Hello everyone, sorry for the delay in responce, It has been a lot of help having people with experience replying to my questions and helping me reach a decision. Thank you so much for taking the time to write a reply to my Questions, It gave me a lot to think about and figuring out to do.
My conclussion was that to me as a noob it will take to much to attempt the ecotec swap and be on a budget. I can not weld and am a noob on the wire-harnass teritory (i once installed a radio, that is my experience in that regard)
Therefore I decided to make the best out of a worse situation and I just bought a crappy Fastback 2.8 automatic from 1886 that runs... so now I have two Fiero's
My goal is now to use both and make a 2.8 Notchback and sell/give away the leftovers to help other fiero's to stay on the road. I no will need to figure out what to do with it.
The notch is a manual (4 speed) 4 cyl from 1984 and the Fastback is a 2.8 automatic. Since I have both options I would prefer to have a manual (if possible a 5 speed) V6.
To me that leaves three options with both challenges in their own right, I would really apreciate your imput.

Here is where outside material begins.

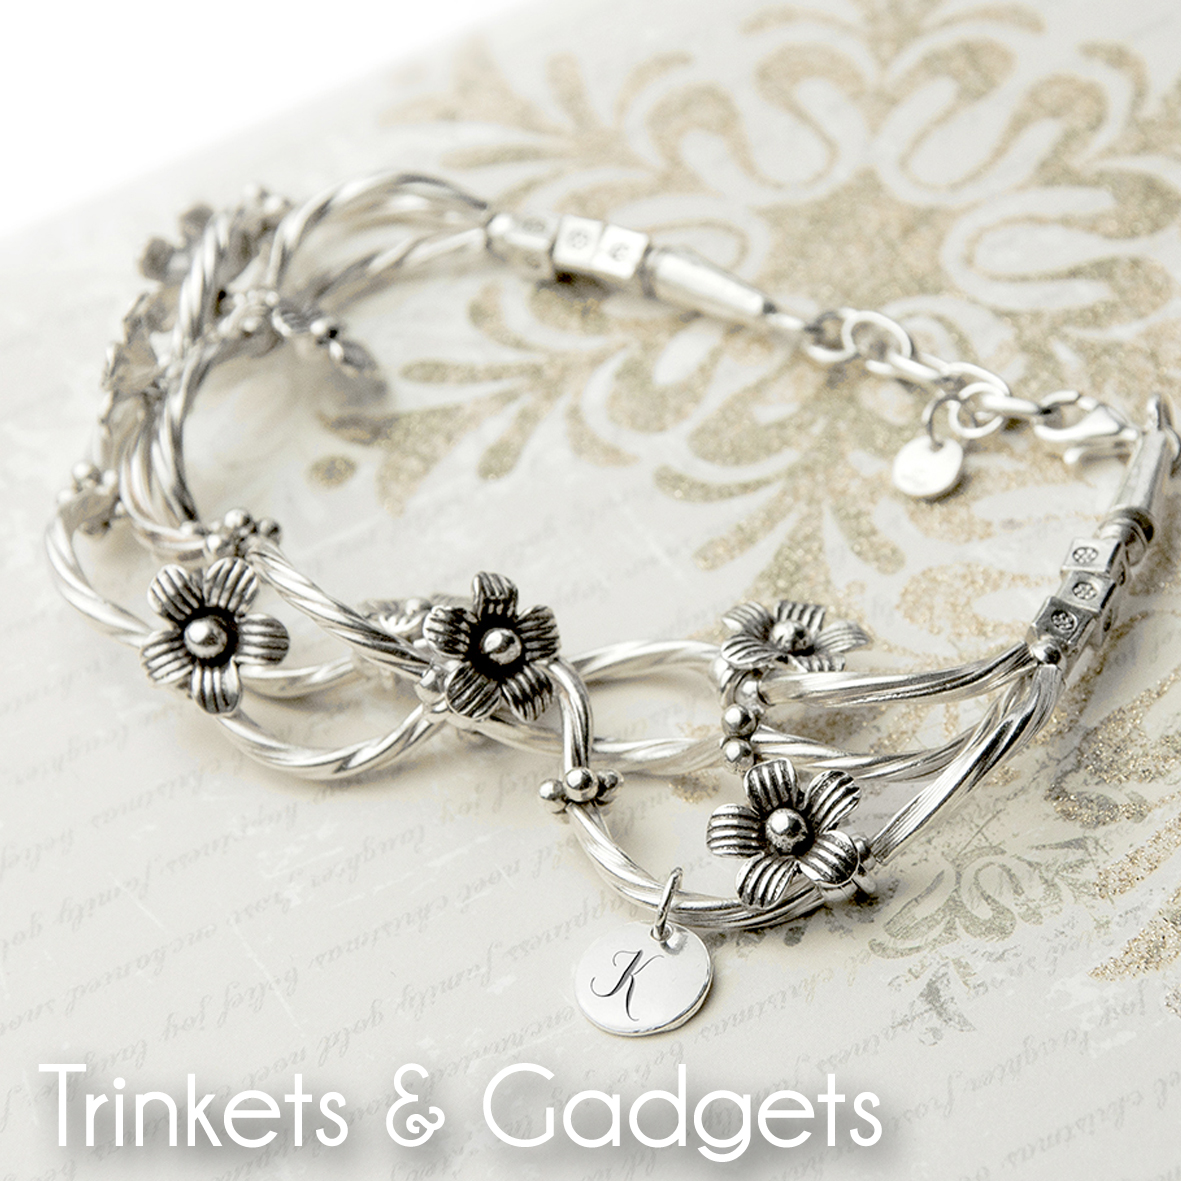 Trinkets & Gadgets

OPTION ONE: Just Swap the 2.8 into the 84 Notch This feels like taking a shortcut and way to easy, can those brakes handle the V6,does the car need another radiator,engine wireharnass and computer is that easy to swap out and what else would I need, Also can the clutch and paddlebox handle the V6 and do I need another flywheel for the V6? And then there is the registration, In Holland it would require a re-registration of the car since it is registered as a 4 cyl and now is a V6.
OPTION TWO(.one) : Just Swap tNotch body onto the V6 This sounds like the way to go, Just take care with removing the bodypanels, use the wireharnas from the Notch to make the rearlights work properly and swap all panels onto that car. However, If I want a manual gearbox, what would I need from the Notchback to make it work? clutch-assembly,gearbox (or even better a 5-speed) will all these parts bolt on to the 86 chassis?
OPTION TWO.(.two): Just Swap the body and leave it a automatic for now sounds like a fast and cheap solution but if possible I want manual, so it is going to happen someday anyways, but might it save some time and money now or is it more of a waste since everything is there now anyways? Weird question.. what about a sixspeed? are there any that will bolt straight on to the V6? it will be a "daily driver" in the Dutch-citybloke-kinda-way.. meaning it will come out to play whenever I need to do anything that is to far to bike and might have to endure some traficjams but will be mostly used for highway's and hollidays. it needs to be reliable and I am not a racy-driver.. I just want to enjoy the car as much as possible.
Thanks again for reading this and I look forward to your help once more.
[This message has been edited by Erwin03 (edited 04-03-2017).]